(DATASET EXTRACT begins)

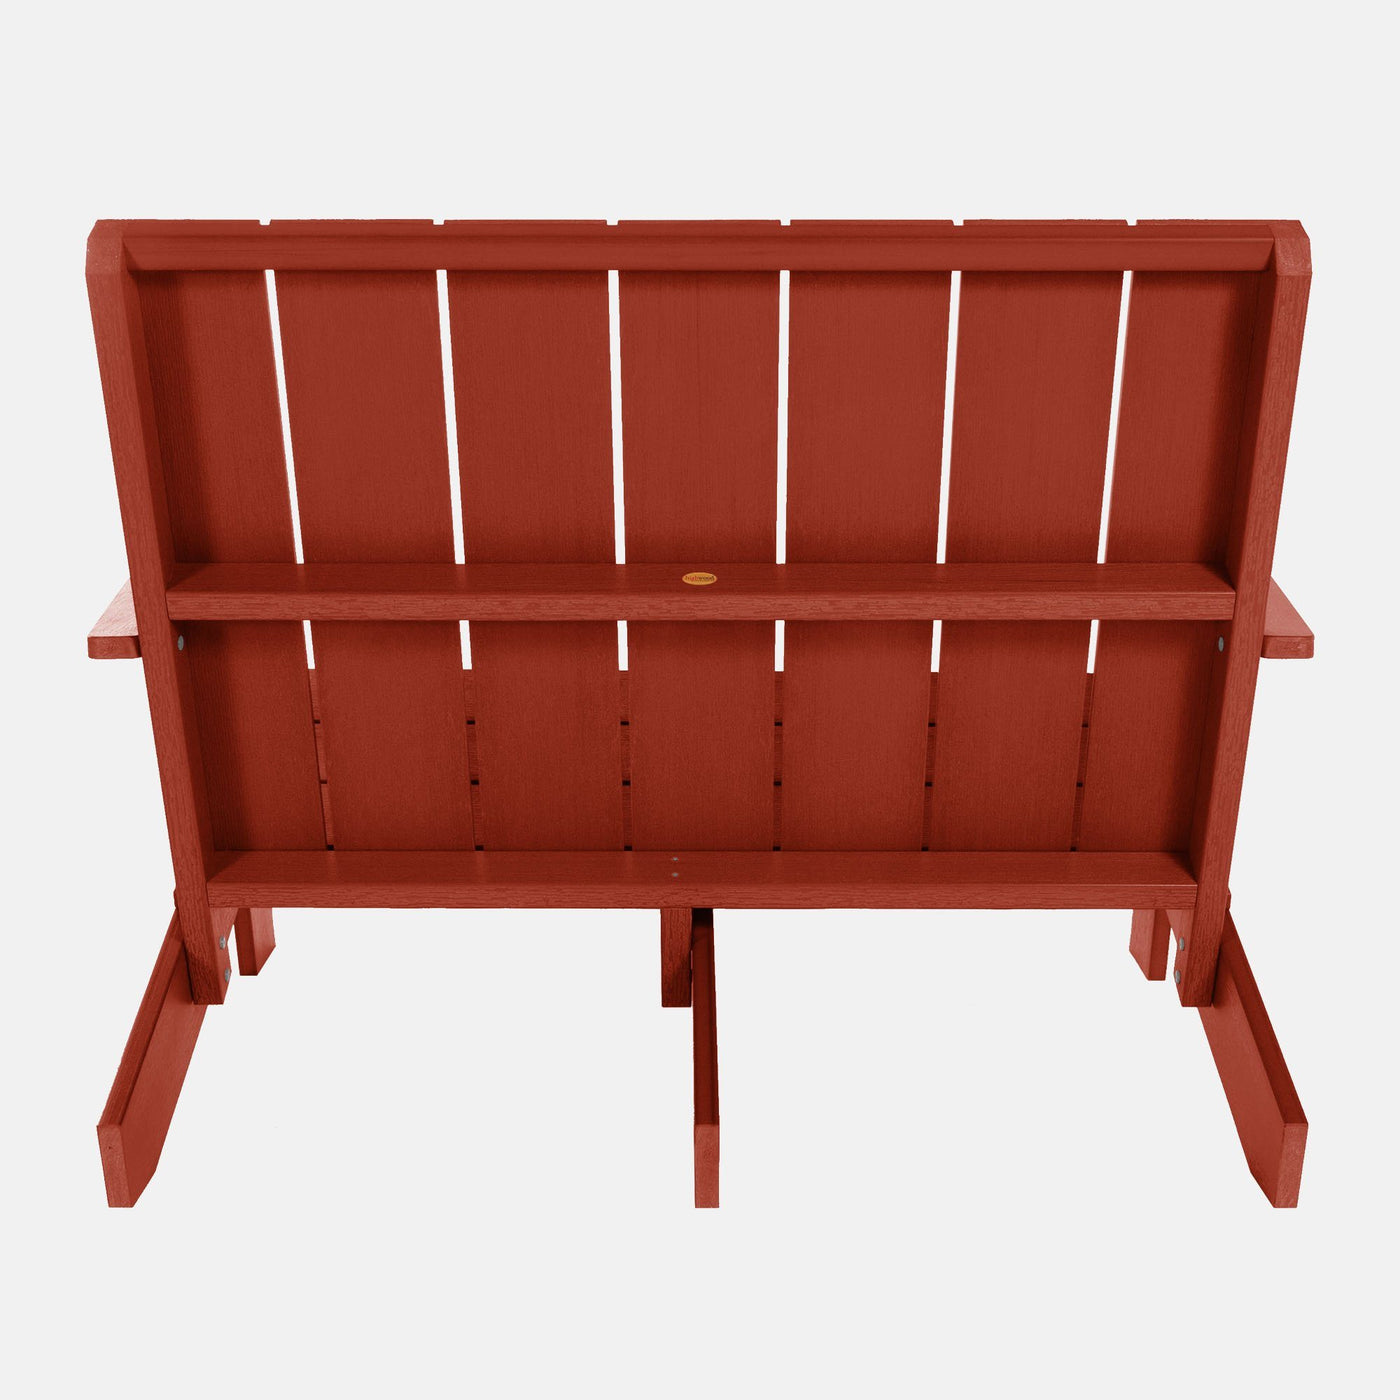 Back view of Italica Modern bench in Rustic Red
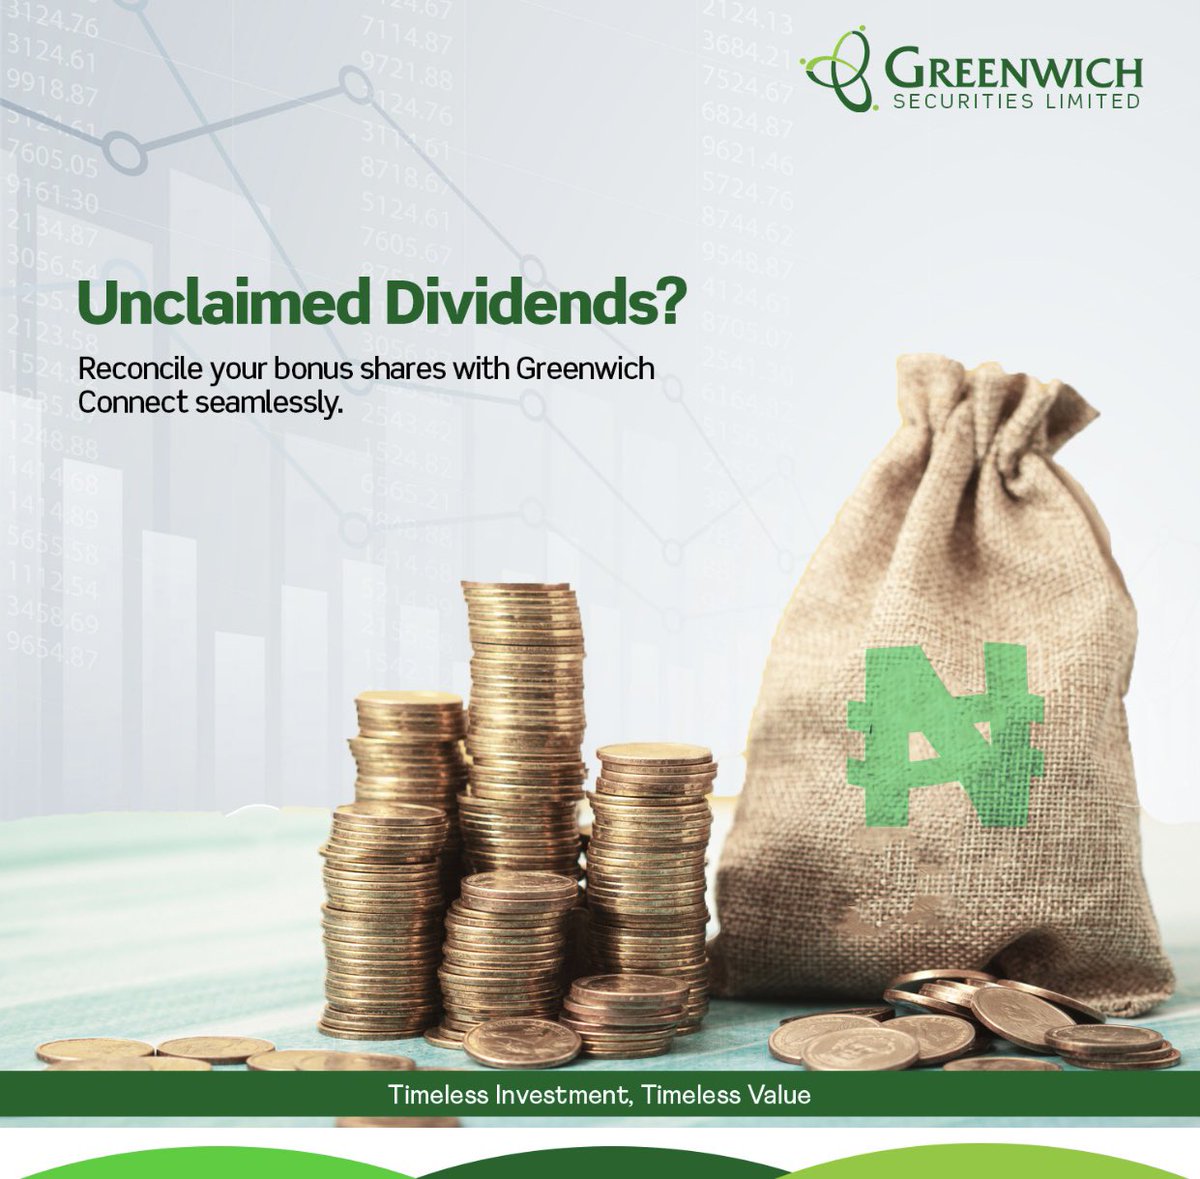 With Greenwich Connect, you can seamlessly move all your outstanding share certificates into your CSCS account.  

For more information, please call 01-6370000 or email customermandates@greenwichbankgroup.com.  

#GreenwichConnect #FinancialSolution

(DATASET EXTRACT ends)

▸ REQUIRED ACTION
Please give back the material above exactly as written, pictures omitted.

▸ SOLUTION TO THIS TASK
 Back view of Italica Modern bench in Rustic Red
 With Greenwich Connect, you can seamlessly move all your outstanding share certificates into your CSCS account.  

For more information, please call 01-6370000 or email customermandates@greenwichbankgroup.com.  

#GreenwichConnect #FinancialSolution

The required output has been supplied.